Posts At Eventide Resource Guide
The objective of the Posts At Eventide web presence is to benefit readers seeking to understand Apple's financial performance and to serve as a repository of information and analysis for other independent AAPL analysts preparing quarterly estimates and share price forecasts. Please see the Posts At Eventide Resource Guide for more information. 

Robert Paul Leitao


  1. Great work Robert, I hope you are right. MB

  2. You omit any mention of new products, which would, of course, be pure speculation. But in the case of Apple, you almost have to count on new hardware that you know nothing about until the day it appears.

    I wish I knew what was next. Maybe a consumer-friendly, easy to use, TV system. Some analysts think so. I doubt it. But there will be something new as long as Apple is Apple.

  3. hi paul

    your RSS feed doesn't show any of these latest posts.

  4. Roger:

    I understand your point and based on Apple's recent history of developing and releasing new hardware products there's a high probability new Apple products will come to market over the next few years.

    However, my estimates and forecasts are based on actual results from shipping products and I don't expect a new hardware device to be released over the next 18 months.

    Bringing the iPad 2 into supply/demand equilibrium is one big challenging currently confronting the company and successfully releasing the successor to the iPhone 4 into the global market with ample supply is a second big challenge for the company to confront in the coming months.

    Demand for the iPad 2 and the developing demand for the next generation iPhone are more than enough to lift Apple's FY 2011 revenue and eps outcome to my estimates.

  5. Anonymous:

    I'm working on the RSS feed issue. Thank you.
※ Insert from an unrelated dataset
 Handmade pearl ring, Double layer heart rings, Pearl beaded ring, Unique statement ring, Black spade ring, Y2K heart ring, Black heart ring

  6. The RSS feed issue has now been corrected.

  7. I am also a shareholder and agree with your revenue assessment, but there is something unexplainably wrong with the share price movement from the date you wrote the post and today June 17.
    1)First a huge increase in volatility, trading from 346 to 320 and back a couple of times.
    2)Yesterday it dropped with no support to 318, and today tested 320 again, not only that, but it dropped through its 40 week moving average, a very bad sign.
    3) Many up days in the broader market, down for Apple as if there were no buyers.
    3) looking at other tech. companies that missed earnings, GOOG can tell you how brutal it can be.
    4)Japan and Chinese Factory Blast.
    I would love to hear your comment, specially on how strong you expect Q3 to be, and how can one try to figure out Apple sales?

    I know I am very scared, I have seen Apple drop from 200 to 80 without any reason, then back to 200 just to go back to 70. So I could see Apple going to 260 on any type os bad news.

  8. Robert, would u write or hv u written an article on Impact of Steve Jobs' health on Apple?

  9. Lloyd:

    I haven't not written an article on the topic. In my view Apple has a strong and competent executive team in place which allows Mr. Jobs to choose his level of involvement while working through the issues surrounding his health.